Re: [patch 21/32] NTB/msi: Convert to msi_on_each_desc()

From: Jason Gunthorpe
Date: Mon Dec 06 2021 - 09:19:28 EST


On Sat, Dec 04, 2021 at 03:20:36PM +0100, Thomas Gleixner wrote:
> Jason,
>
> On Fri, Dec 03 2021 at 12:41, Jason Gunthorpe wrote:
> > On Fri, Dec 03, 2021 at 04:07:58PM +0100, Thomas Gleixner wrote:
> > Lets do a thought experiment, lets say we forget about the current PCI
> > MSI API.

I've read both your emails, and I'll make a few small remarks on this
one, mainly to try to clearly communicate what I was thinking

Just want to call out the above paragraph, not suggesting we do it,
but the thought exercise of what should we do if not weighed down by
endless engineering cruft is usually informative.

> > What if it worked more like this:
> >
> > probe()
> > // Access the real PCI SIG MSI/MSI-X table
> > mystruct->msi_table = pci_allocate_msi_table(pci_dev);
> >
> > // Special interrupt 0
> > mstruct->desc0 = msi_table_alloc_vector(mystruct->msi_table, hw_label=0);
> > request_irq(mystruct->desc0, ..)
>
> A device driver should not even know about msi_desc. Period.

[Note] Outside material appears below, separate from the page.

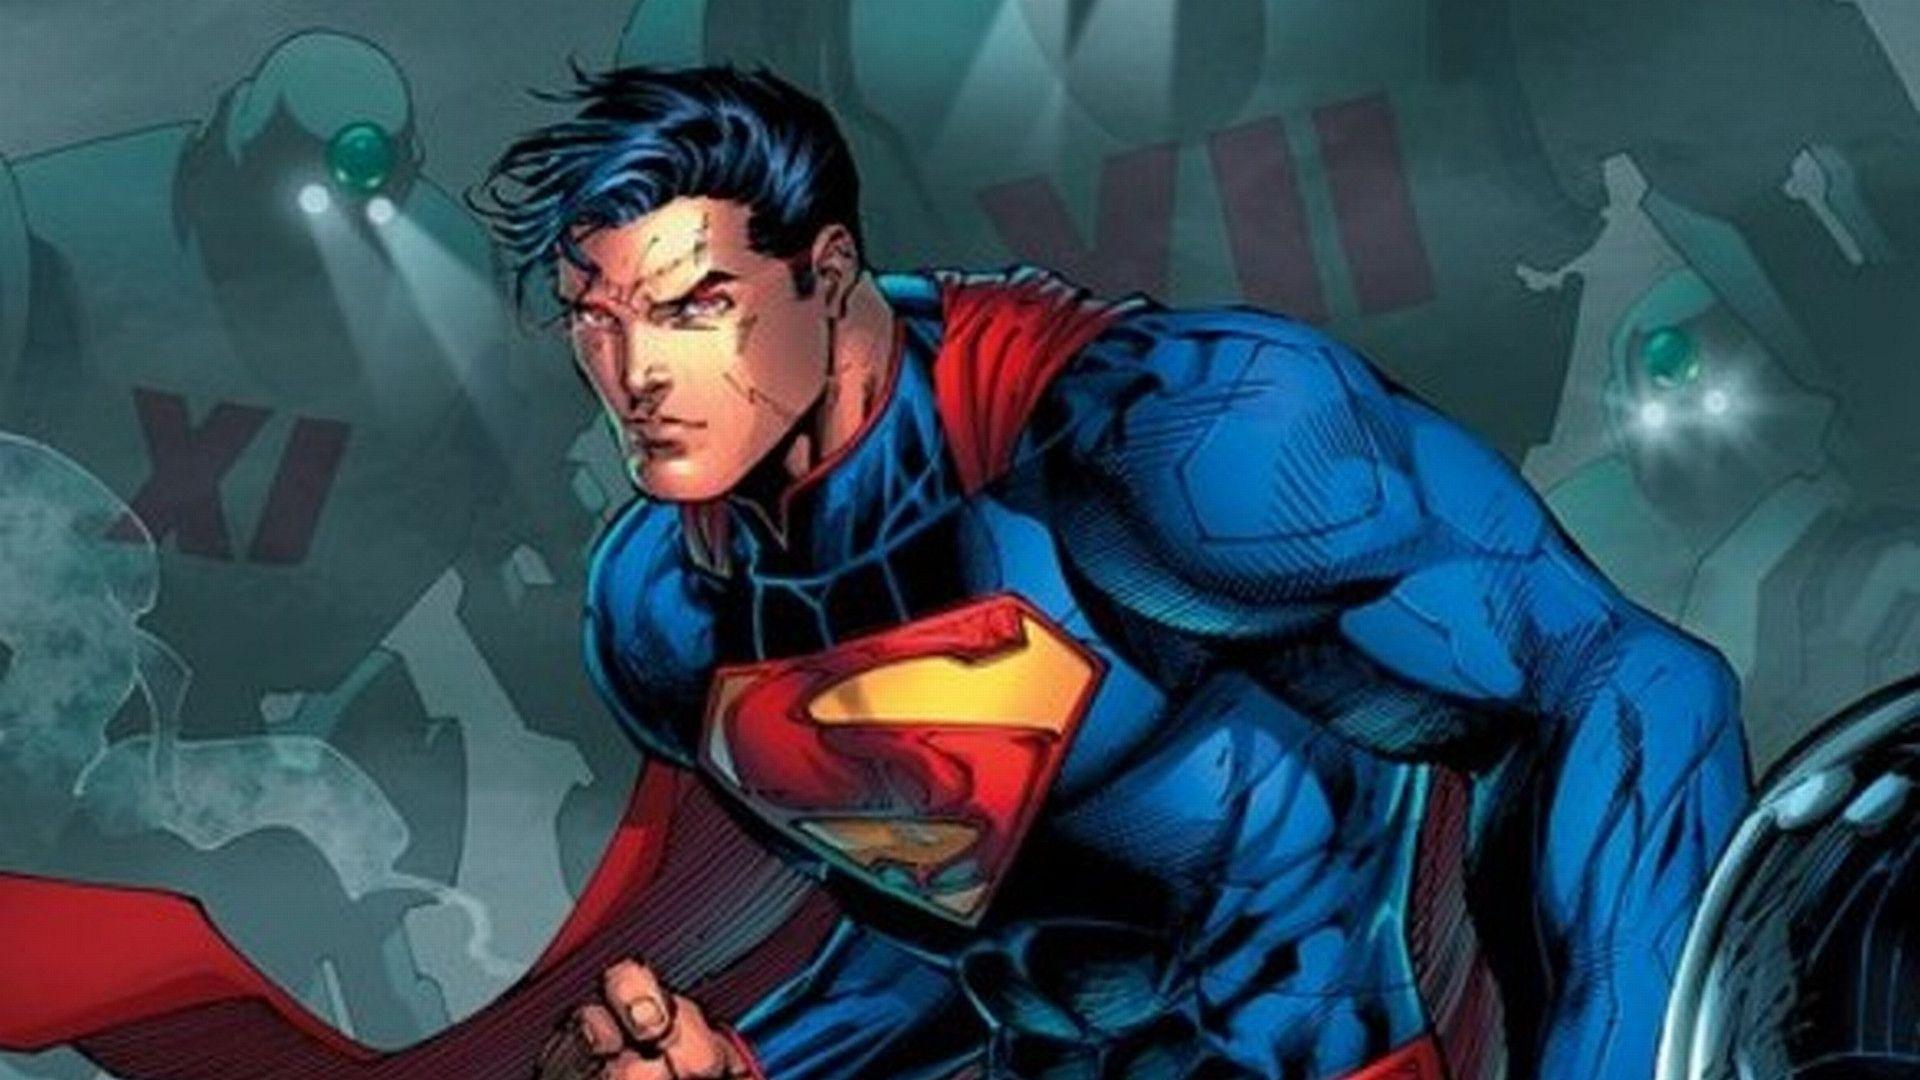 Superman Comic Wallpaper Free For Iphone

Here, this wasn't really about the msi_desc, it was just about some
pointer-based handle. Call it what you will, and force it to be opaque
to the drivers.

eg this 'msi table' layer can just have a

struct msi_handle;

In headers

and in a C it can be:

struct msi_handle {
struct msi_desc desc;
};

And achieve what you've asked for

> > - msi_table is a general API for accessing MSIs. Each bus type
> > would provide some kind of logical creation function for their
> > bus standardized MSI table type. eg MSI/MSI-X/etc
>
> You can't give up on that table thing, right? We just established that
> for devices like yours IMS is not necessary a table and does not even
> need the index. The fact that MSI-X uses a table does not make
> everything a nail^Wtable. :)

It is just a name for the idea of a handle to a device's MSI
mechanism.

Call it 'msi_hw' or something.

My concept is that each device, integral to the device, has some ways
to operate the device's MSI storage (MSI/MSI-X/IMS/Platform), so lets
give that a name and give it a struct and an API. It is all still core
code.

Think of it as a clean separation between 'determining the addr/data
pair' and 'writing the addr/data pair to HW'.

Today you are thinking about this object as an irqdomain, irqchip, and
msi xarray - I think?

> > It is a logical handle for the physical resource the holds the MSI
> > addr/data paris.
> >
> > - Use a pointer instead of idx as the API for referring to a MSI
> > irq. Most drivers probably only use msi_desc->irq?
>
> No. pci_irq_vector() translates the hw index to linux irq number. The
> hardware index is known by the driver when it is doing a batched
> allocation, right?

Yes

> I'm fine with using the info struct I described above as the reference
> cookie.

IMHO an opaque pointer to refer to the MSI is cleaner

> > - We do not have device->msi, it is held in the driver instead.
>
> No. First of all drivers have no business with that, really.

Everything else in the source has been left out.